+++ AVAILABLE DATA +++
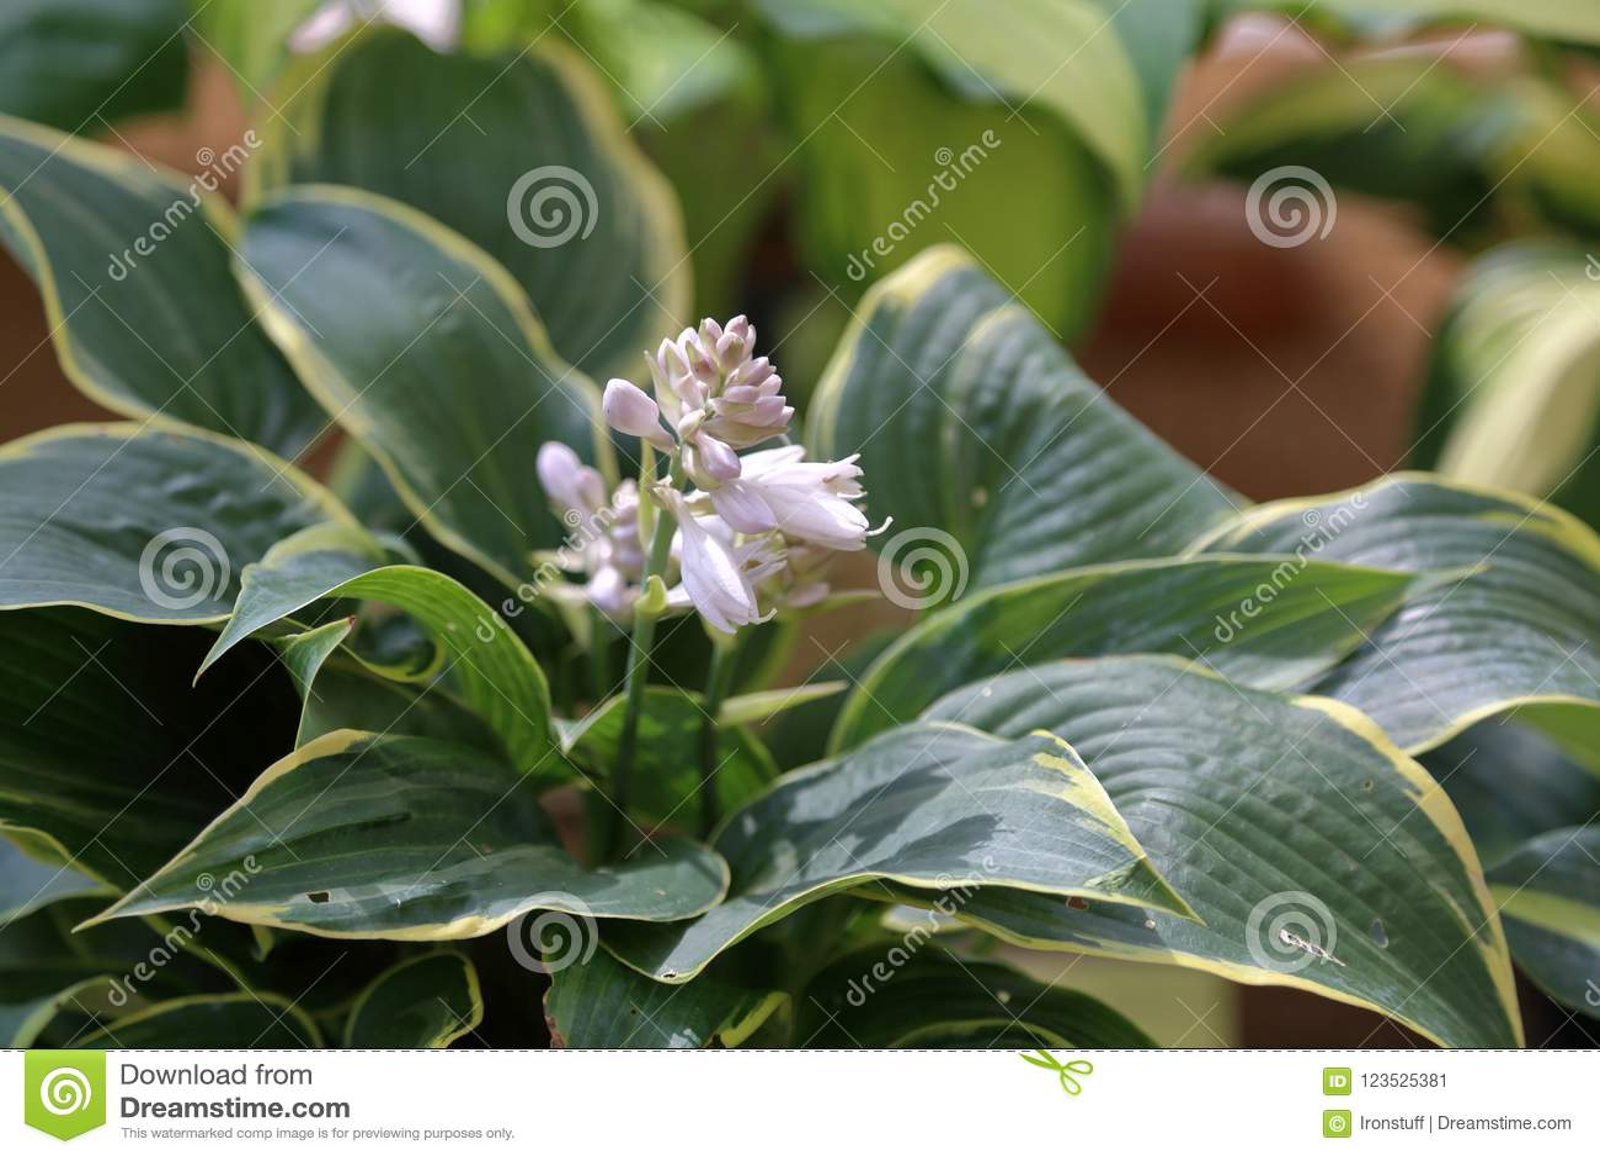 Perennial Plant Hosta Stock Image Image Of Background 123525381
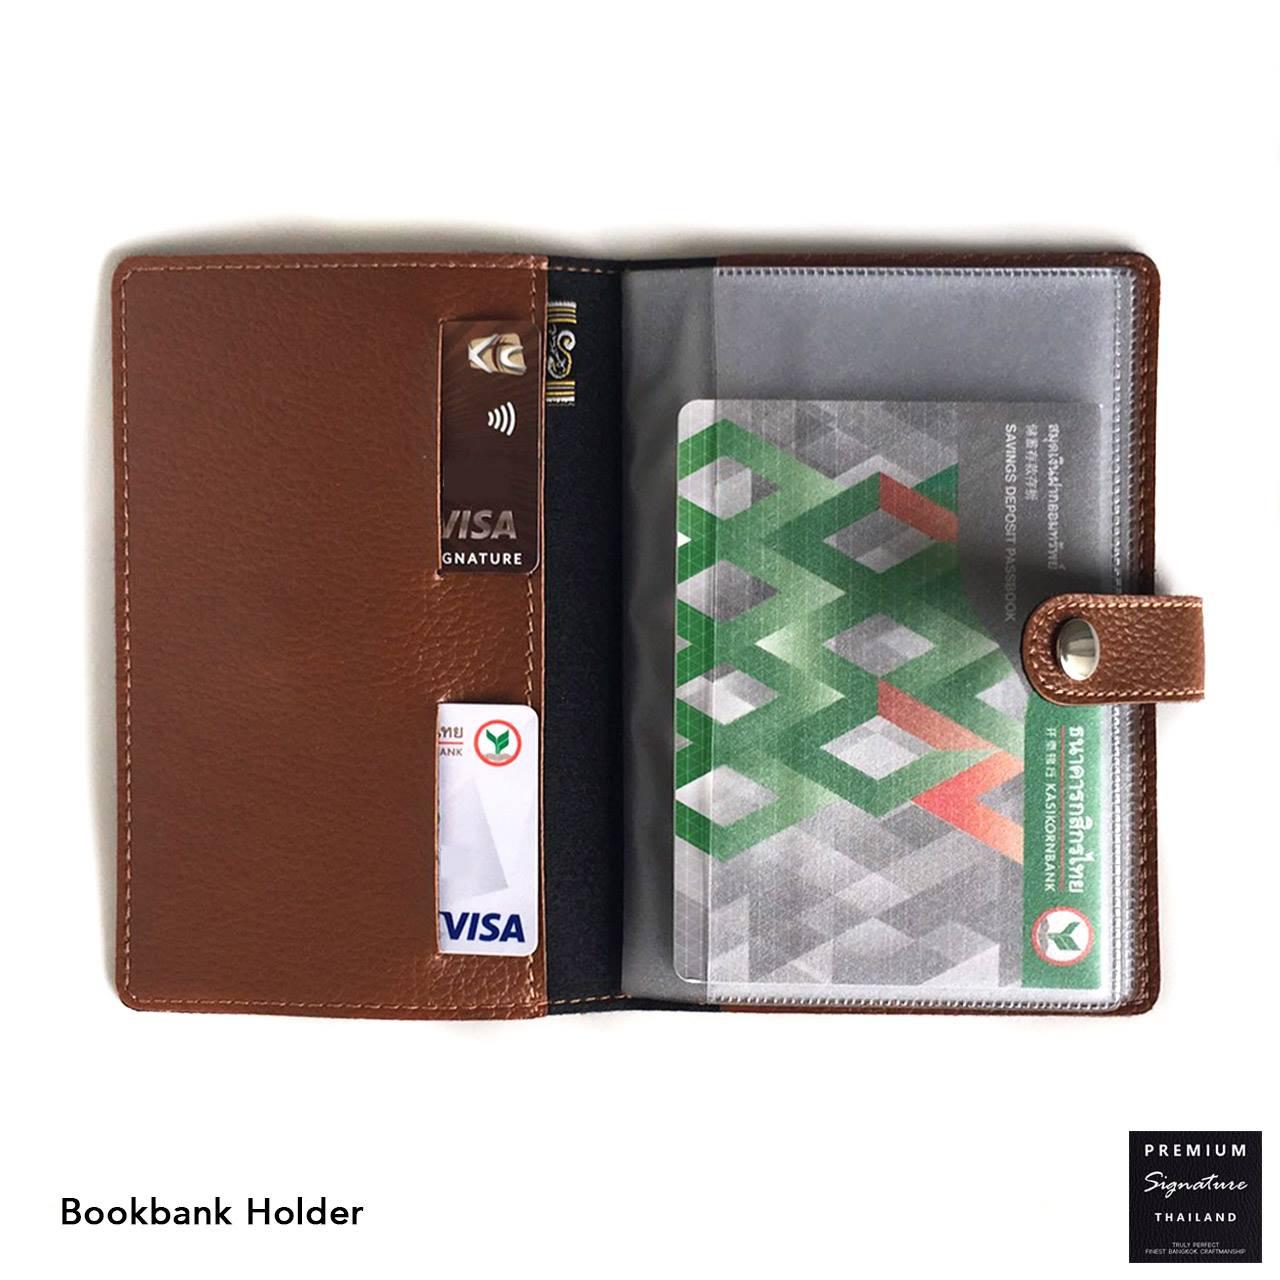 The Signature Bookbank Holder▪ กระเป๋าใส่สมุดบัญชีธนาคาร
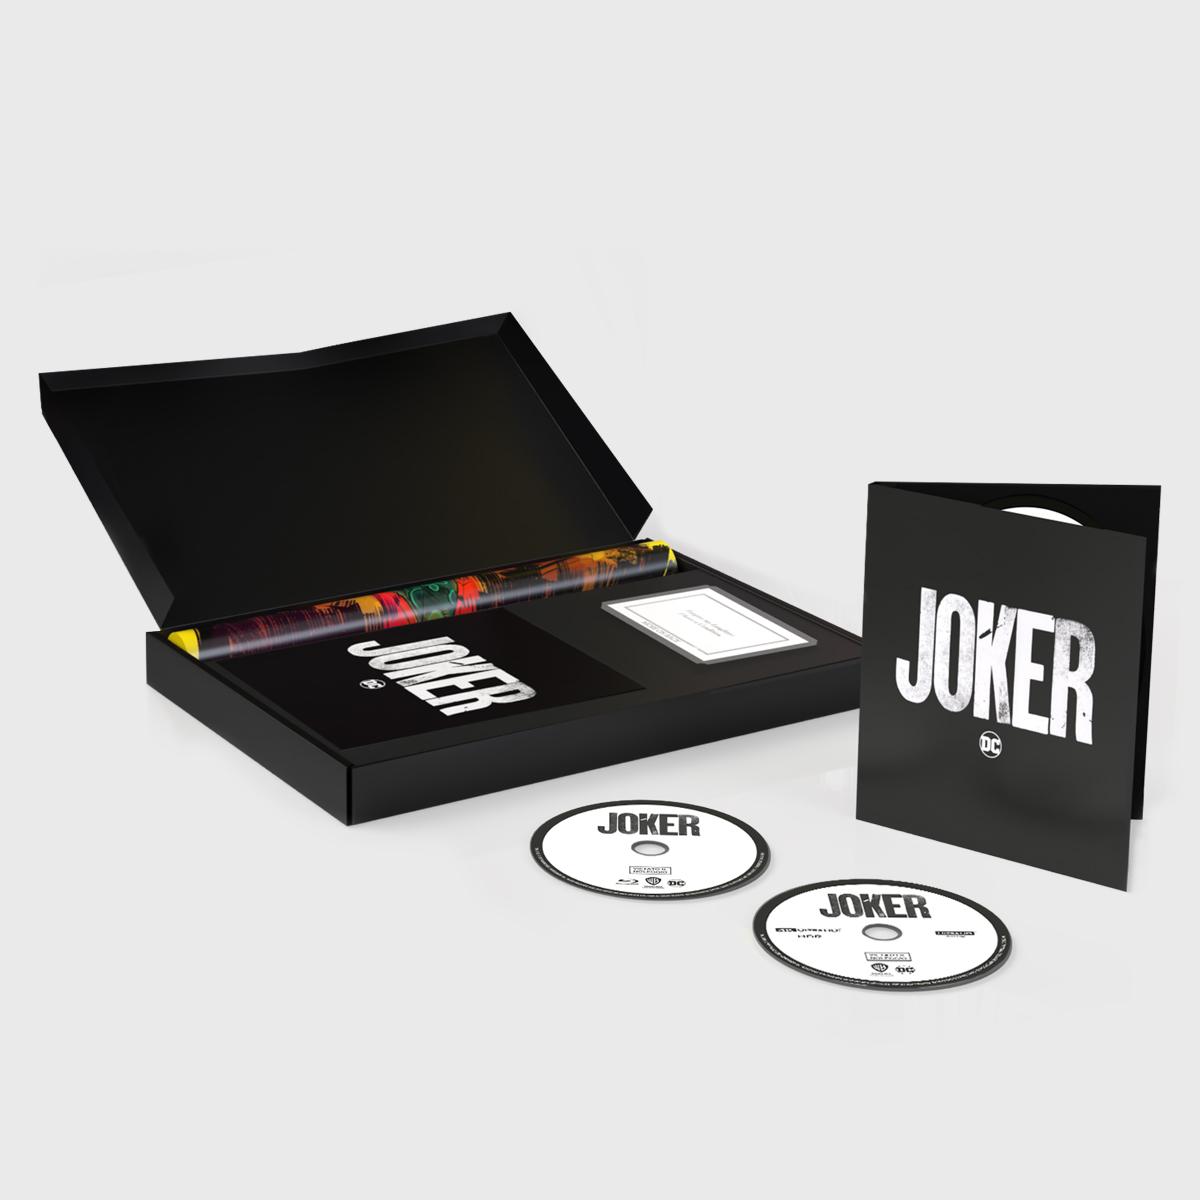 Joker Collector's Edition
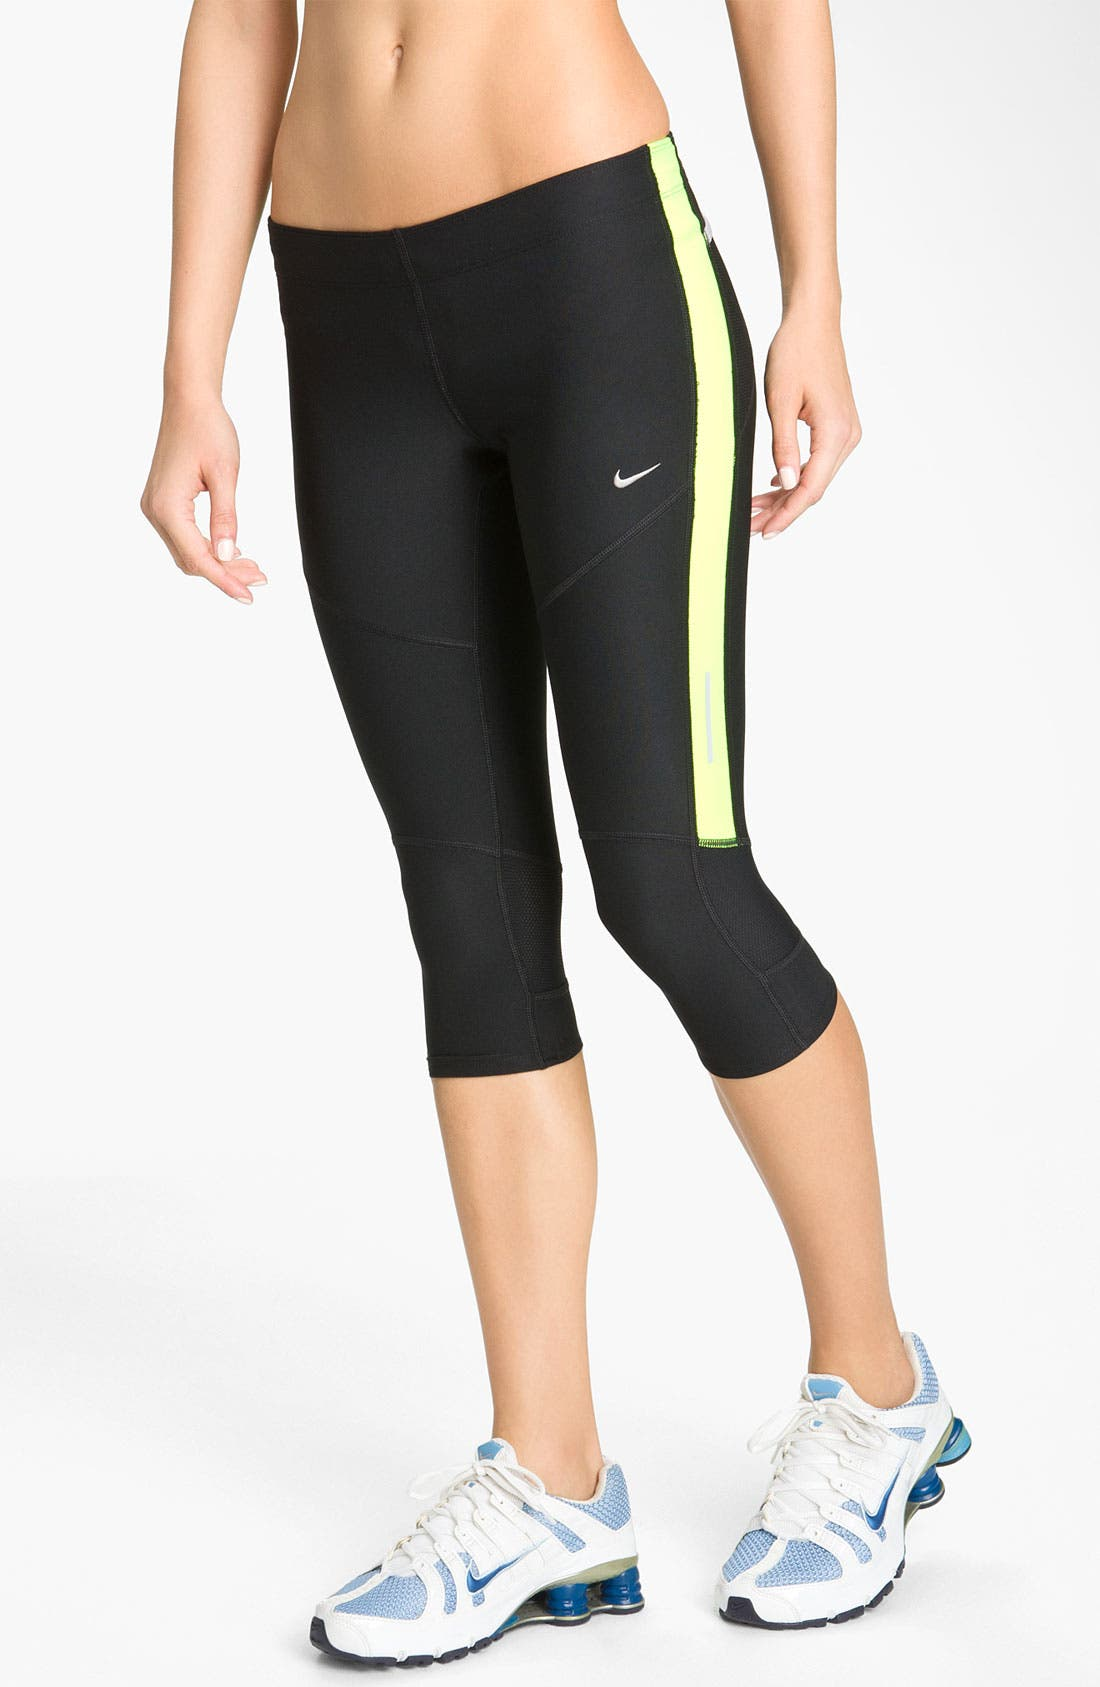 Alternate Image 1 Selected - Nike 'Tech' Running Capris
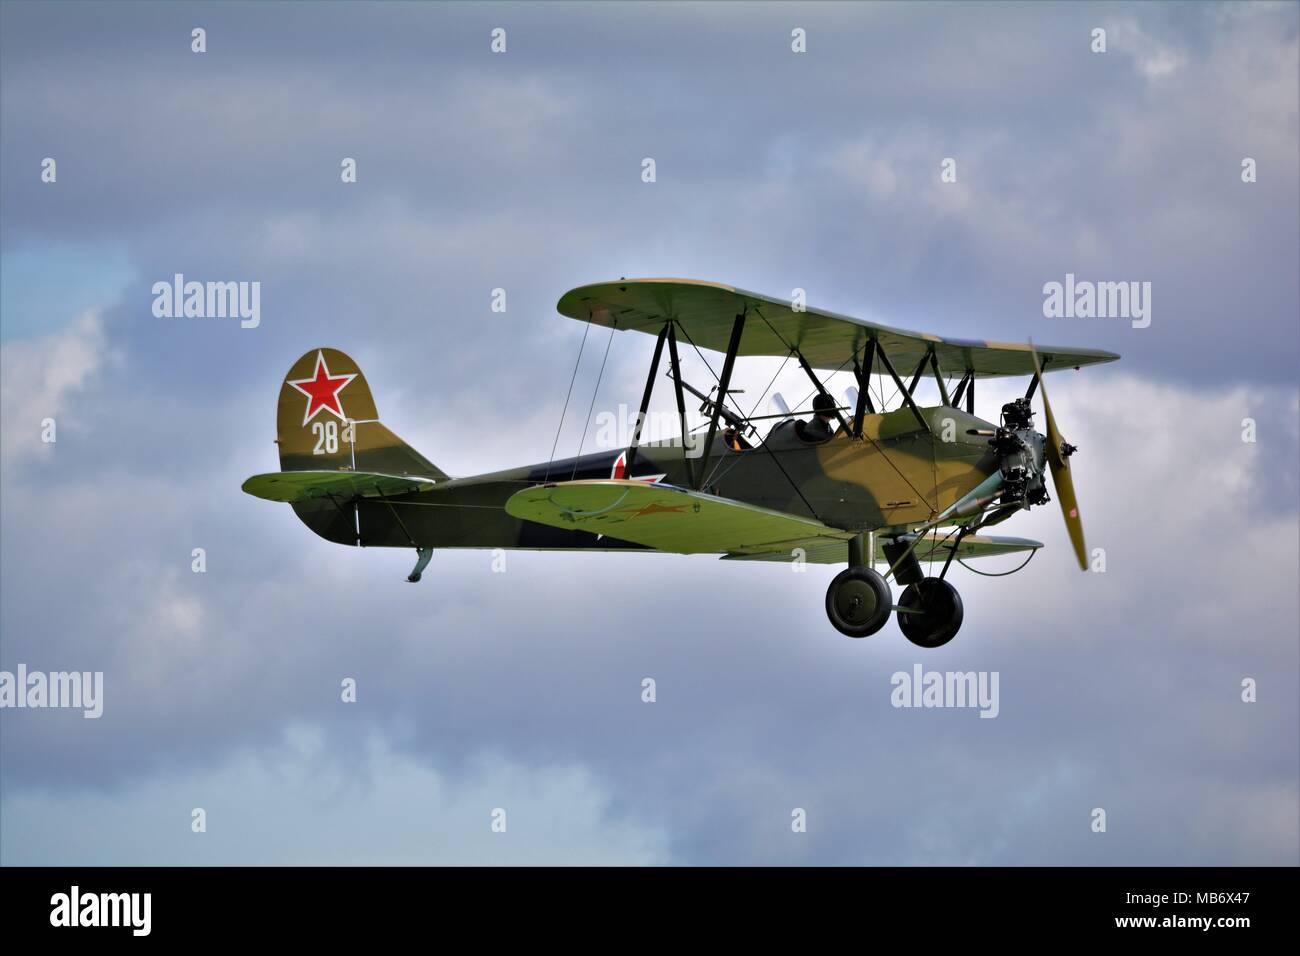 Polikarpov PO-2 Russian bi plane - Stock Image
+++
TASK GOAL:
Pictures are to be left out; all else in the entries above is to be quoted exactly.

SOLUTION FOR THIS TASK:
 Perennial Plant Hosta Stock Image Image Of Background 123525381
 The Signature Bookbank Holder▪ กระเป๋าใส่สมุดบัญชีธนาคาร
 Joker Collector's Edition
 Alternate Image 1 Selected - Nike 'Tech' Running Capris
 Polikarpov PO-2 Russian bi plane - Stock Image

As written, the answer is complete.